How can they do that?
The ESTOL approach is complex relative to a conventional
landing, but is managed by redundant flight control computers,
which actually fly the landing. At higher angles of attack, with
the aircraft's nose pointed well above the horizon, the first part
of the X-31 to touch the ground would be the engine nozzle, not the
landing gear. To prevent a tail strike, the X-31 performs a
derotation maneuver when the tail is just two feet above the
runway, dropping onto its main landing gear.
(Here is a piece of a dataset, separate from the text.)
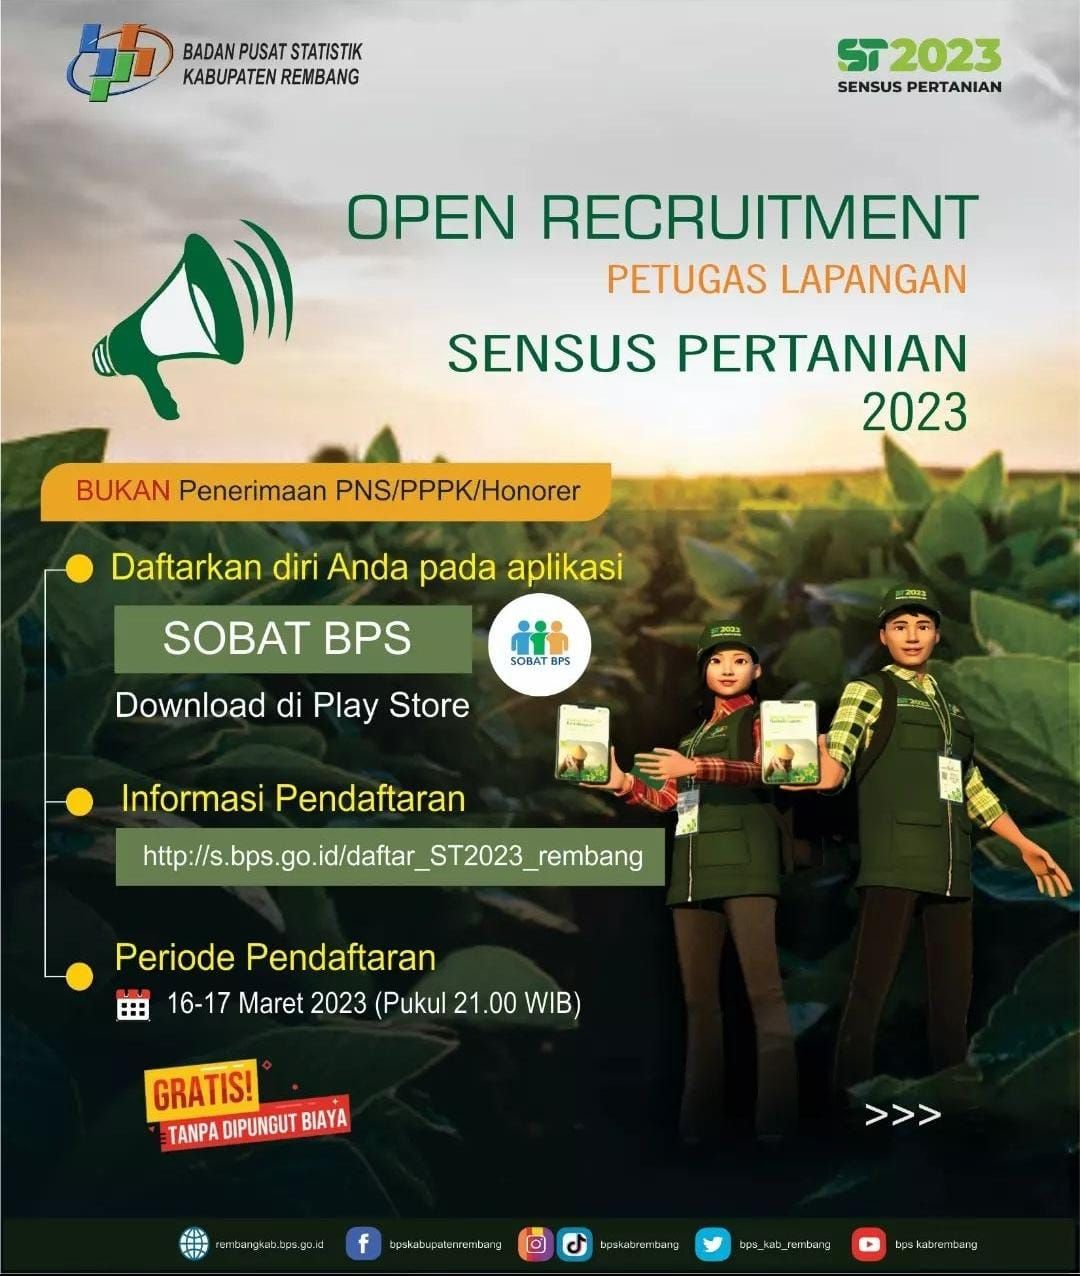 Rekrutmen Petugas Sensus Pertanian 2023 Kabupaten Rembang, Simak Jadwal Rekrutmen dan Cara Mendaftar!

The X-31 derives its location relative to the runway from an
Integrity Beacon Landing System, which uses differential global
positioning system data combined with links to beacons on the
ground to pinpoint the aircraft's position in space. The system is
accurate to within a couple centimeters, said Doug Wilkin, lead
flight test engineer.
"Everything worked perfectly and was just as we had done it in
the simulator," Knoepfel said of the successful flight. "There was
a very smooth flare and touchdown. I must admit that it was a
smoother landing than I can sometimes do."
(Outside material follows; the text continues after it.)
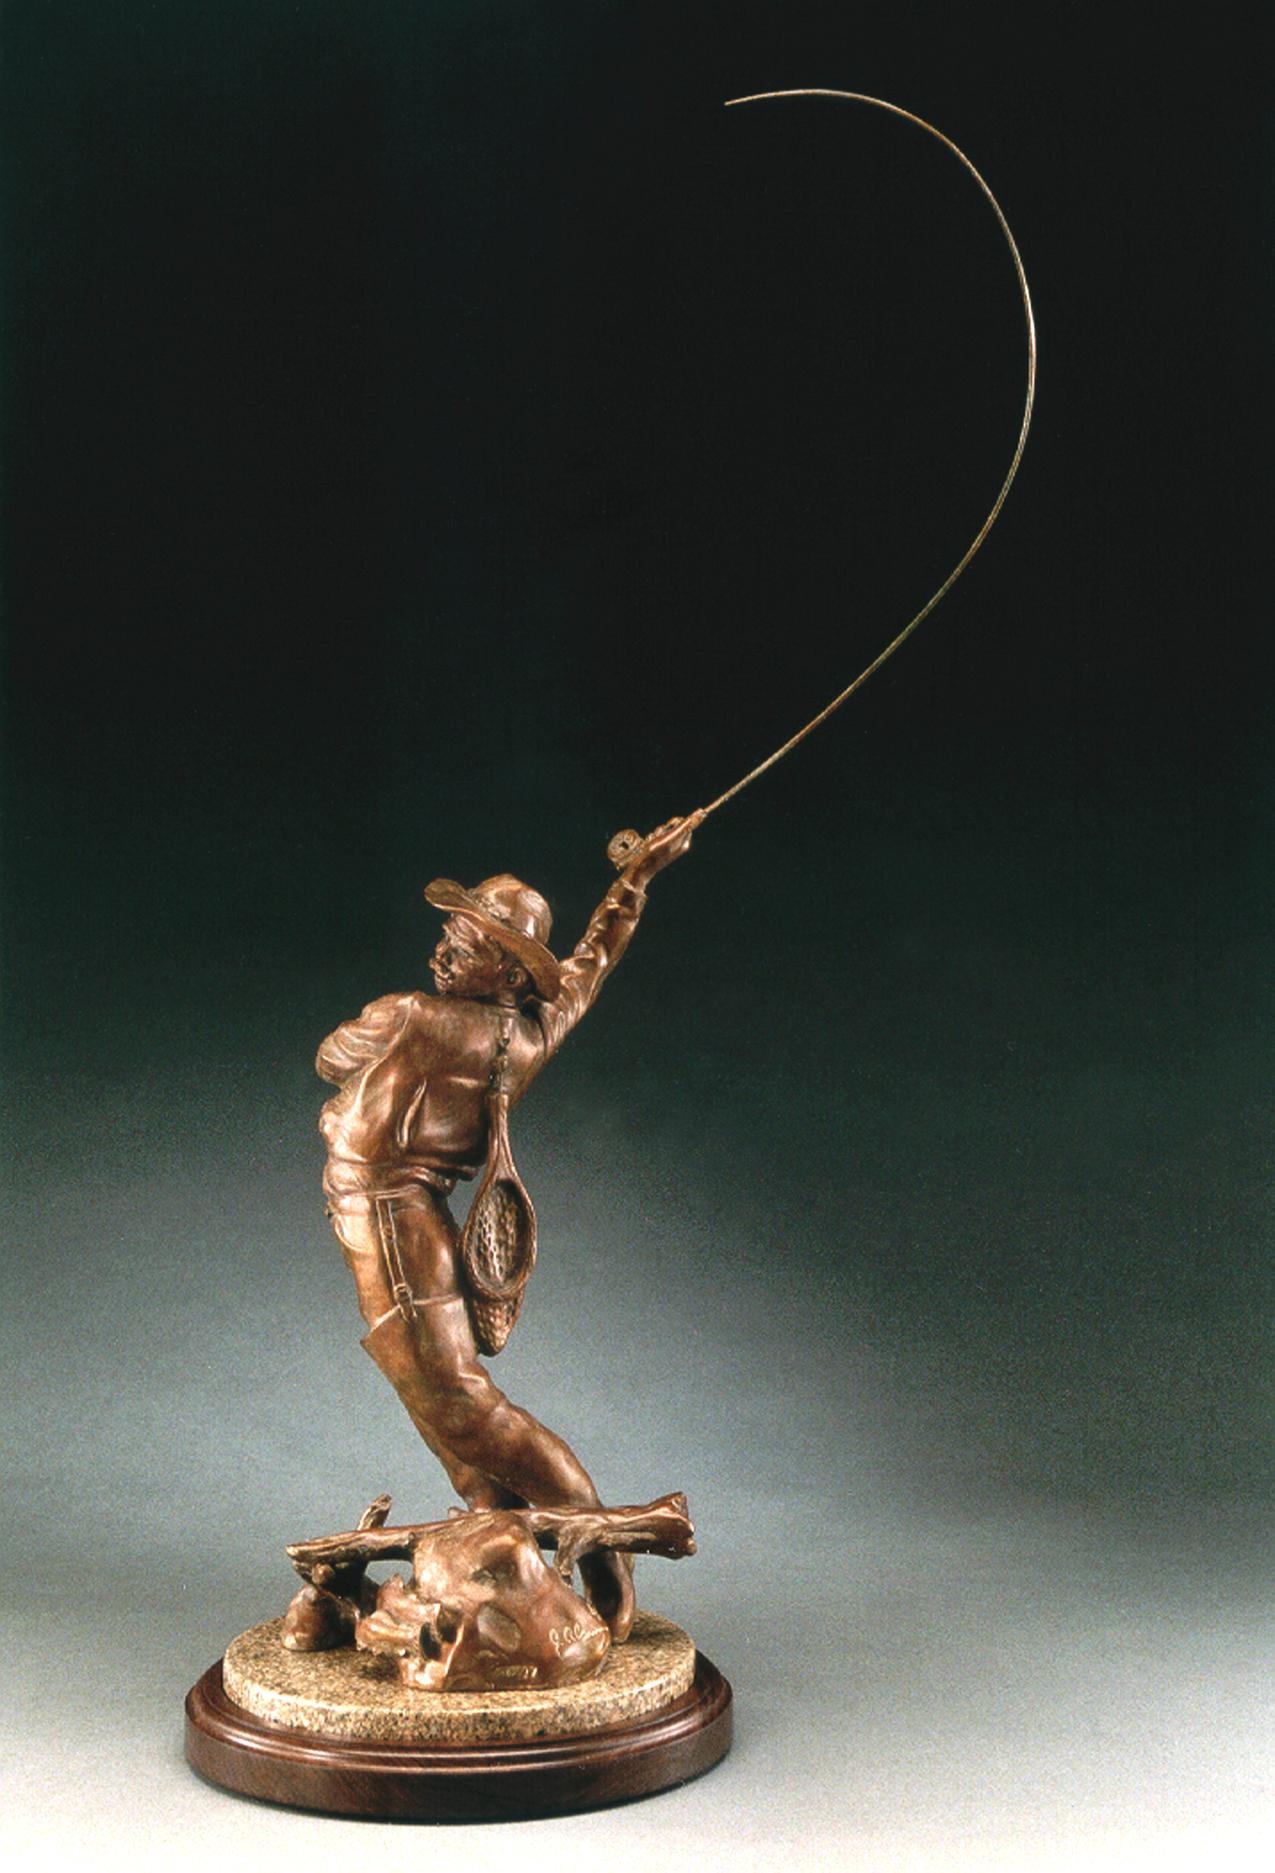 Gary Alsum Figurative Sculpture - Hit and Run

"That was the highlight in my flying career," he added, walking
back to his office after the flight. That is no small boast from
Knoepfel, who was selected as Germany's chief test pilot this
year.
'I can't see.'
The X-31 flies a steeper glide slope for the ESTOL approaches
than for a conventional landing, providing "a view that we have to
get accustomed to," said Knoepfel. At higher angles of attack, the
view will get even more interesting; above 15 degrees, the pilot
loses sight of the runway and must rely on a video camera in the
belly of the aircraft to verify the runway is free of
obstructions.
Despite the potential for white knuckles, Knoepfel said "there
wasn't time to be nervous." When he touched down, he realized the
dream of more than 50 test team members waiting on the ground, who
have been working together for three years to get to that moment.
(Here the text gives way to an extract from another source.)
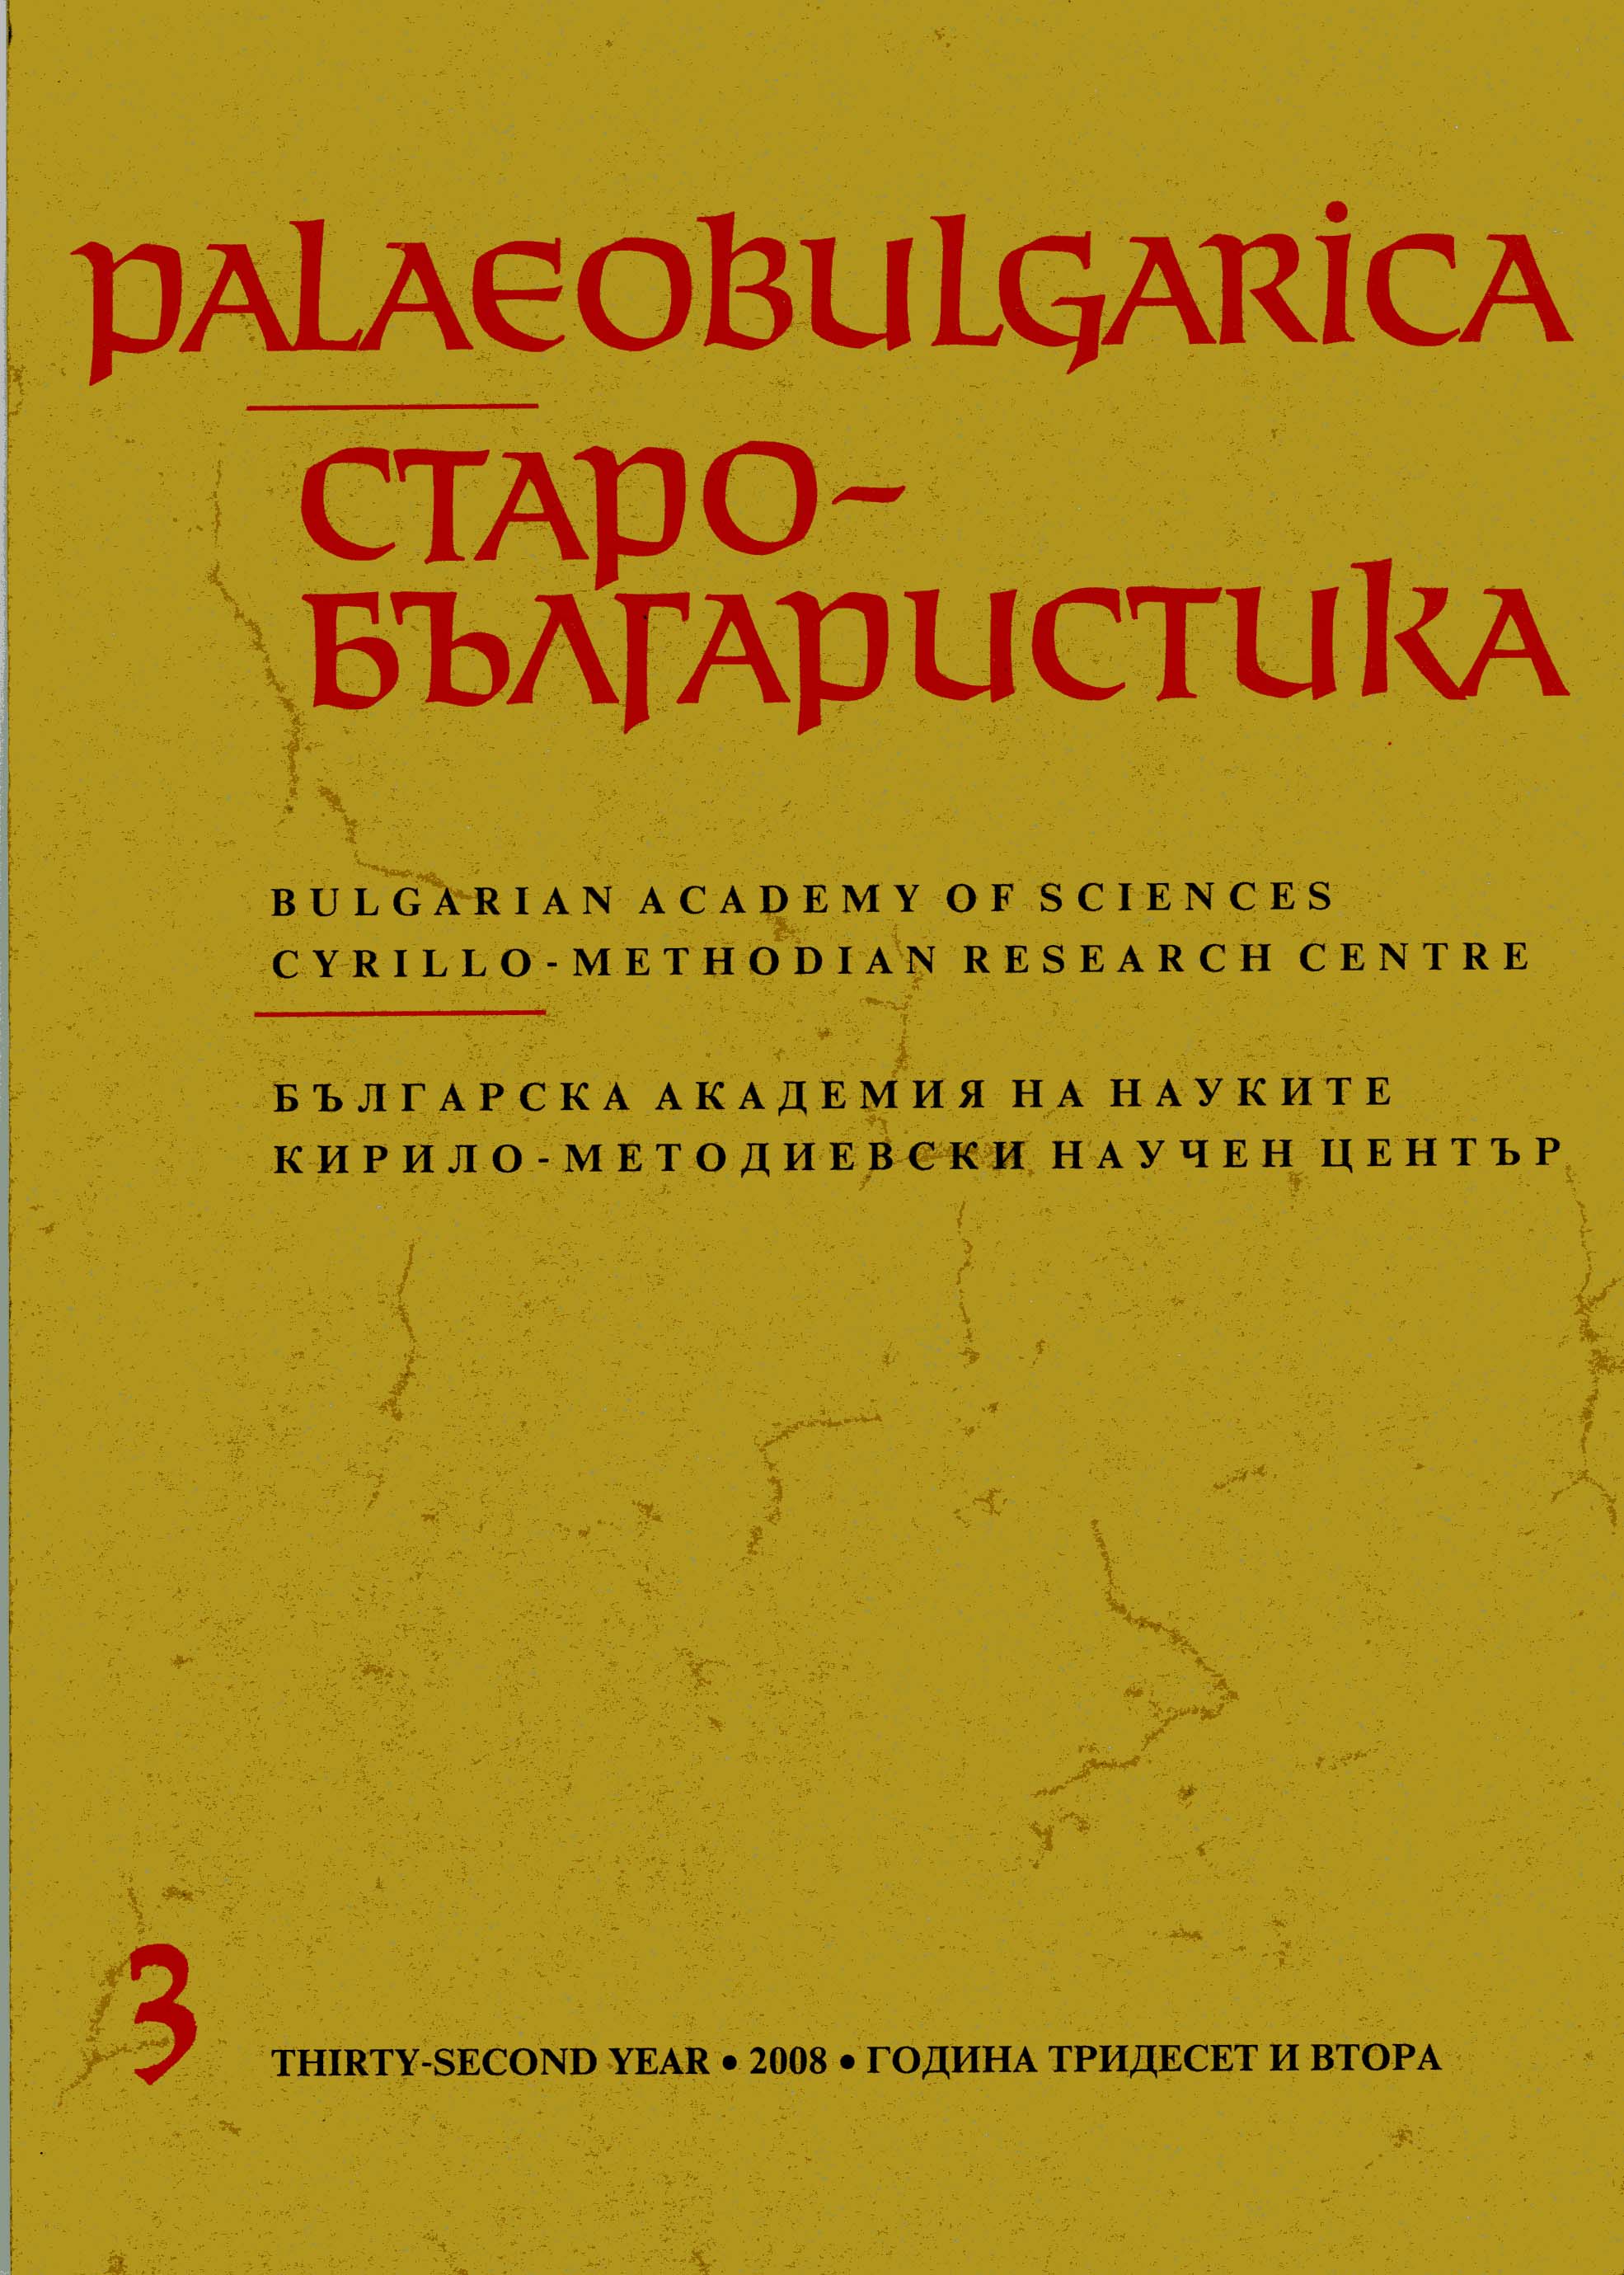 Издание на забележителен паметник на ранната славянска химнография

The VECTOR project has been a partnership between the Navy,
Germany's Federal Office of Defense Technology and Procurement,
European Aeronautic Defence and Space Company and Boeing
Aerospace.
"This was really a team success," Knoepfel said. "I was just the
man in the cockpit."
For
the Navy, demonstrating the feasibility of thrust-vectored ESTOL
landings could give planners an important set of options as they
shape acquisition decisions over the coming decades, program
officials believe. In the fleet, landings at reduced speeds and
subsequently higher angles of attack would impart significantly
reduced forces to both the aircraft and, in the case of carrier
landings, the arresting gear on the ship, said VECTOR program
manager Jennifer Young.
In the short term, however, the VECTOR remains a research
project based around the only manned X-plane currently in flight.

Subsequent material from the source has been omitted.